Working data:
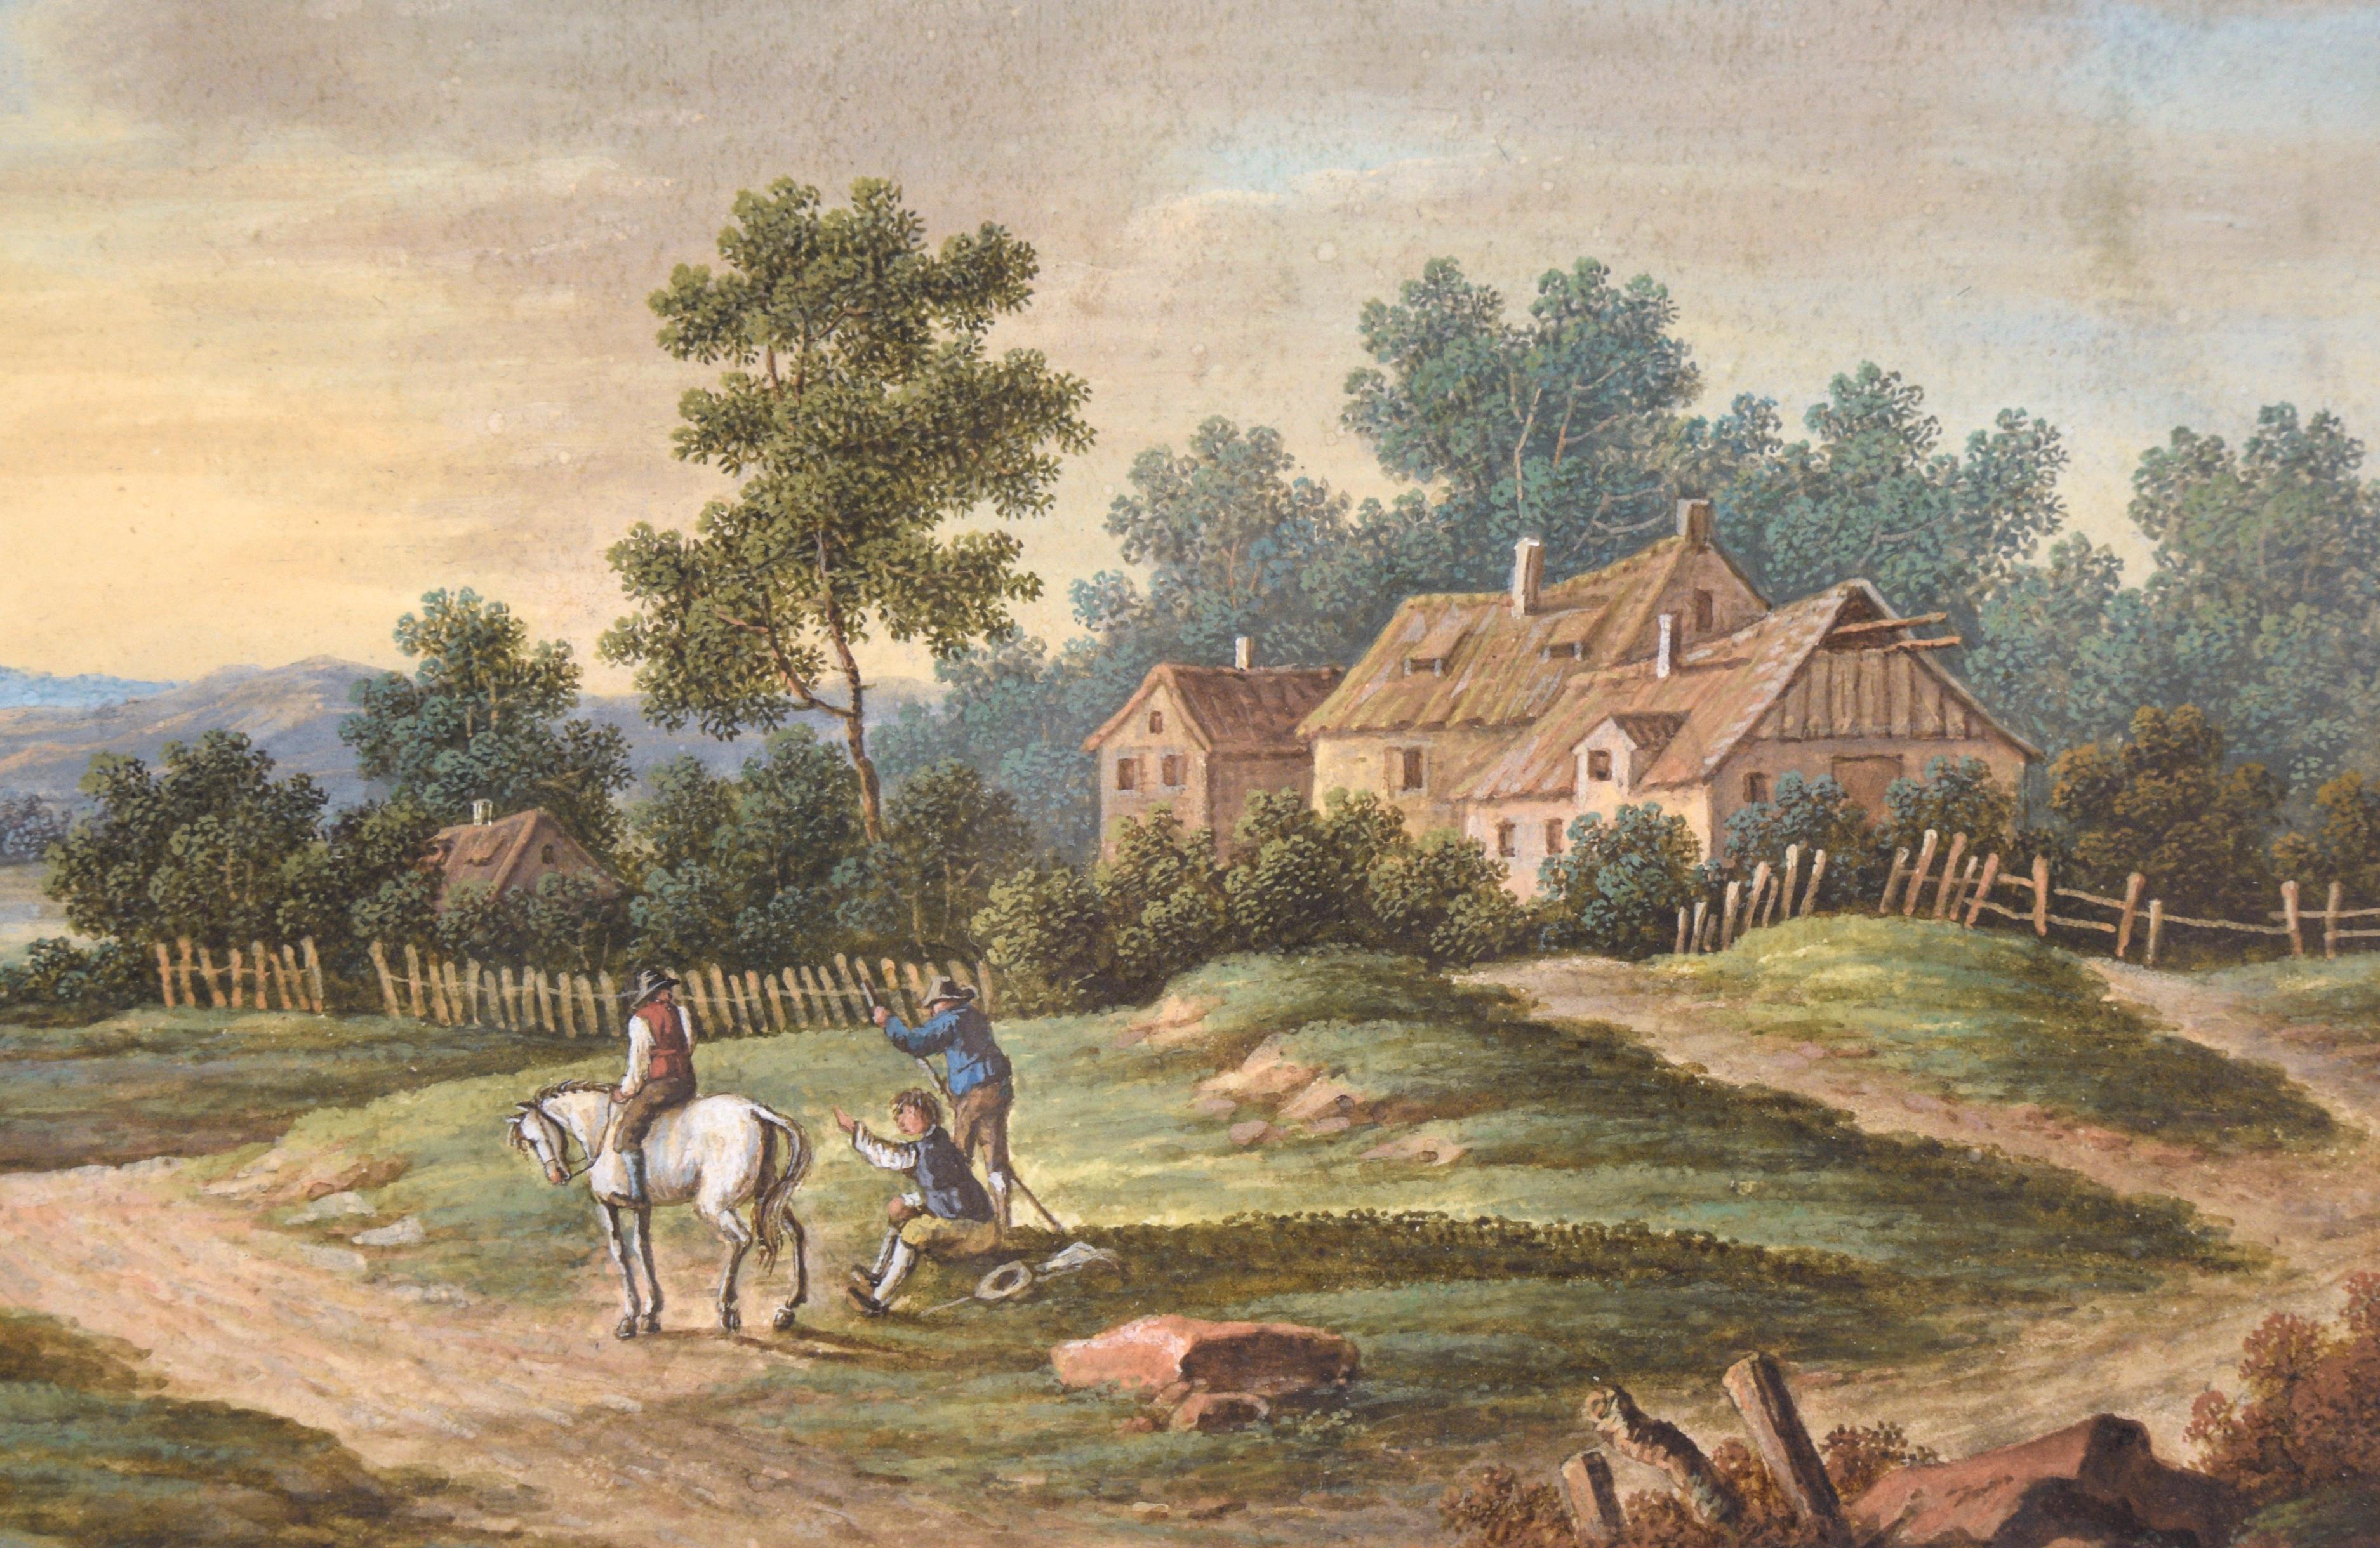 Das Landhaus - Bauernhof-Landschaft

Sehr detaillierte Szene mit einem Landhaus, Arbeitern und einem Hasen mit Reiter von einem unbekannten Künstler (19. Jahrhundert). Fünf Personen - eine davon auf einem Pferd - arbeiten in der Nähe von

* * *

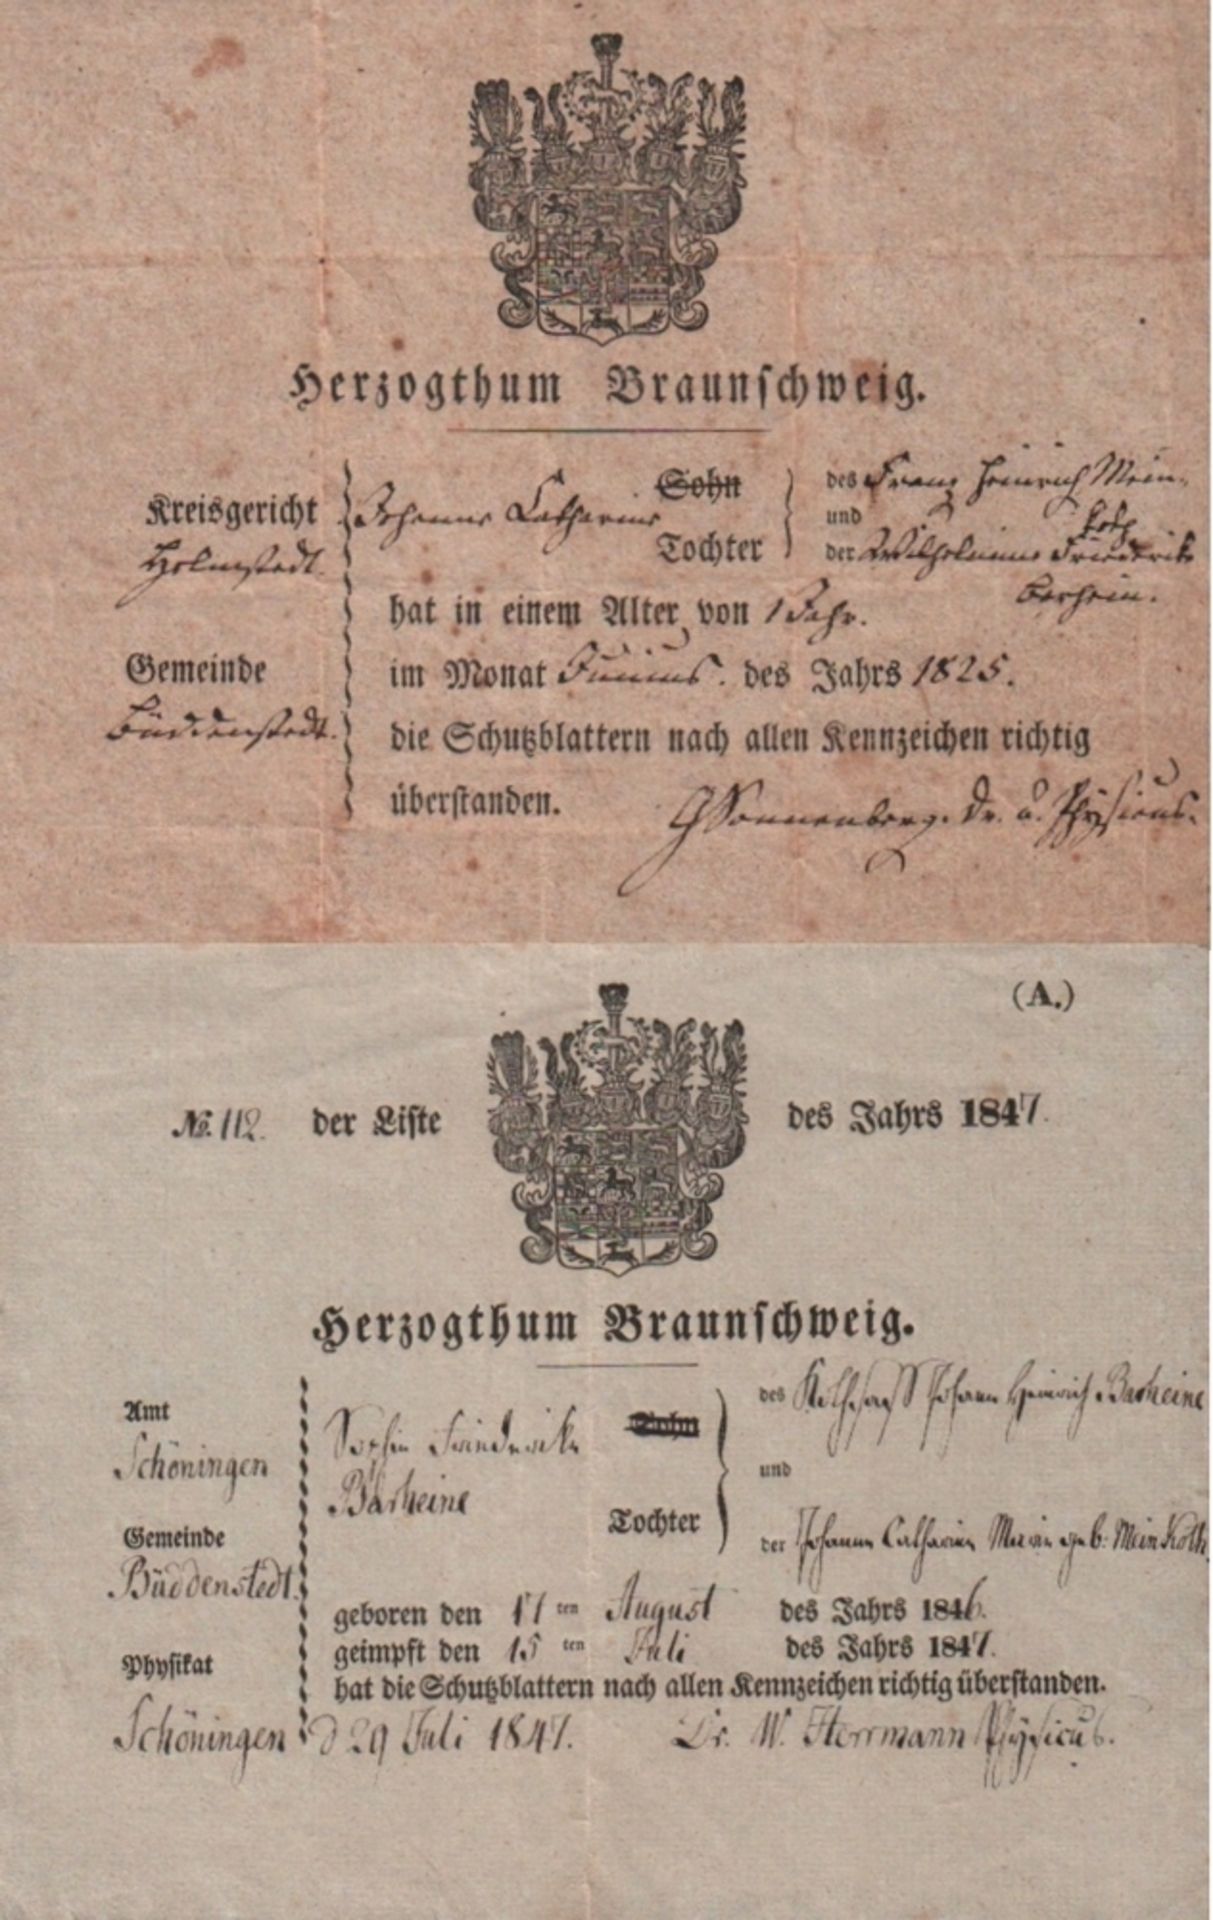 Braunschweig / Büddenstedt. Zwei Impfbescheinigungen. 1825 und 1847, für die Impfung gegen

--

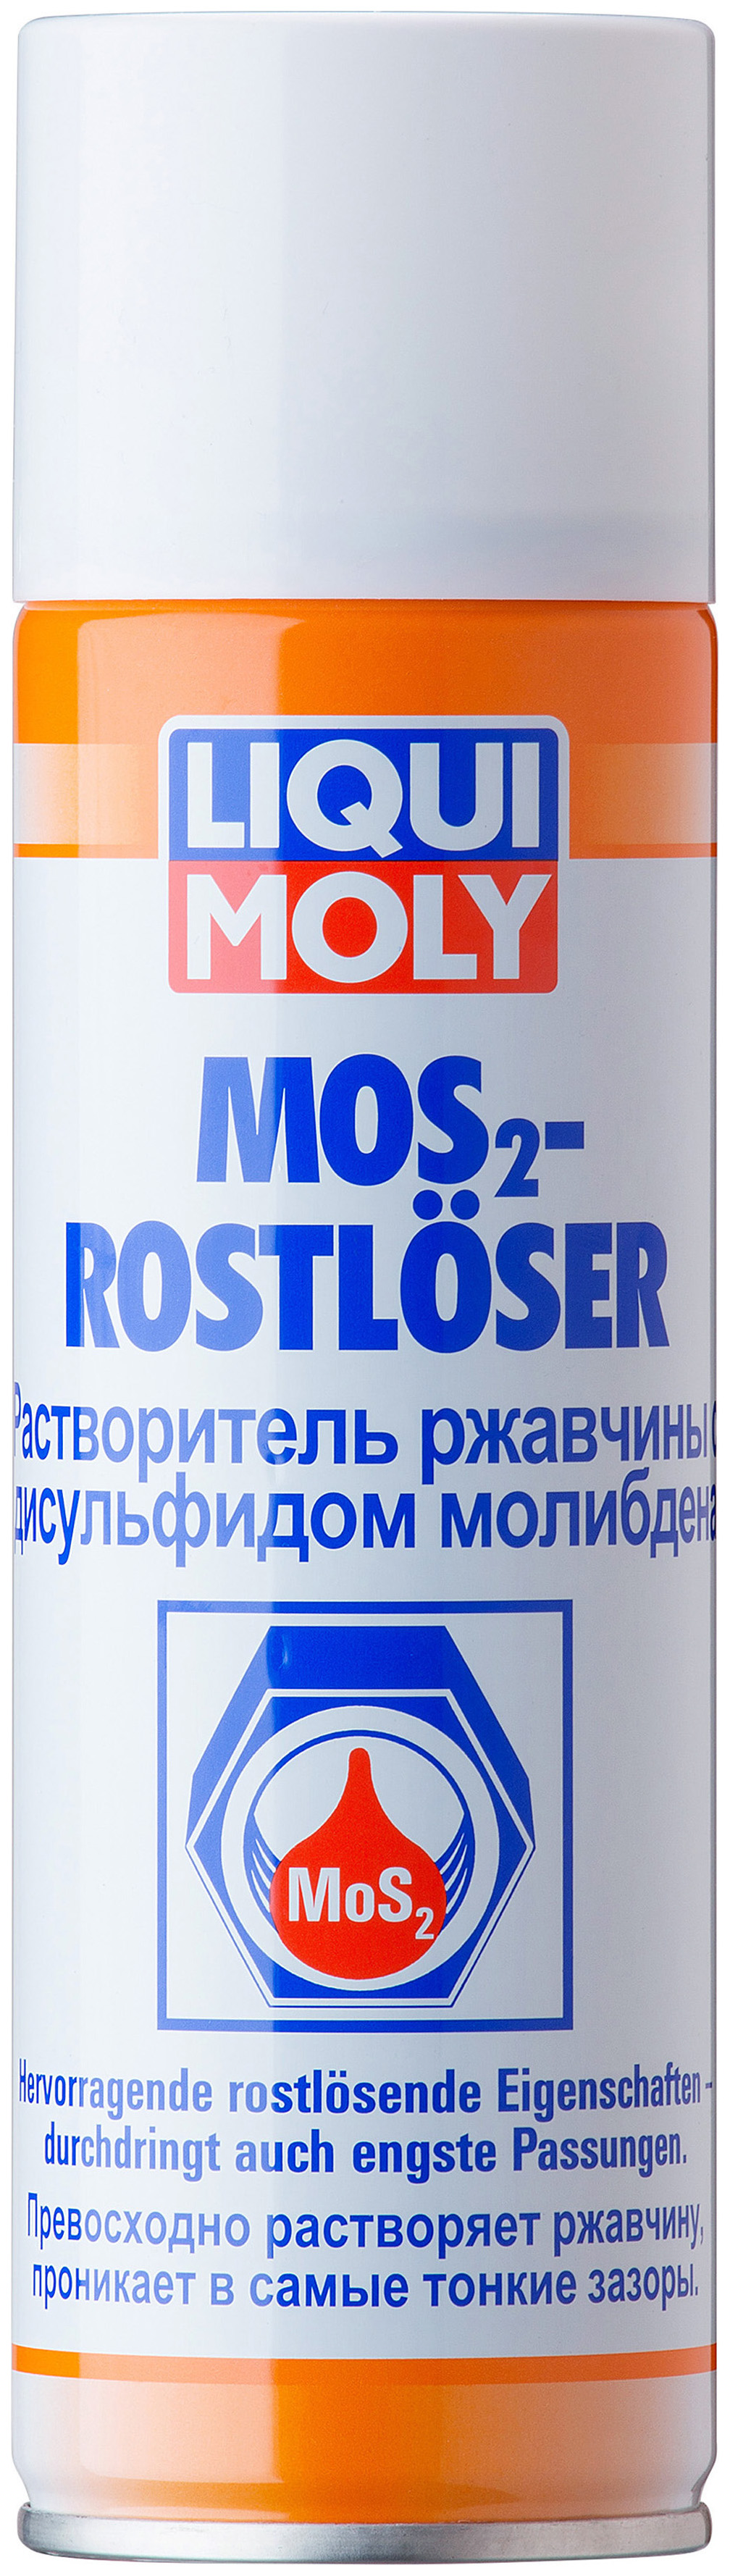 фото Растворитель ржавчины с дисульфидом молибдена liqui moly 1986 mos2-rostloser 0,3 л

Instructions to follow:
Copy only the lines above from the one containing "Das Landhaus - Bauernhof-Landschaft" through the one containing "Sehr detaillierte Szene", both included. Leave out the pictures.

Result of this exercise:
 Das Landhaus - Bauernhof-Landschaft

Sehr detaillierte Szene mit einem Landhaus, Arbeitern und einem Hasen mit Reiter von einem unbekannten Künstler (19. Jahrhundert). Fünf Personen - eine davon auf einem Pferd - arbeiten in der Nähe von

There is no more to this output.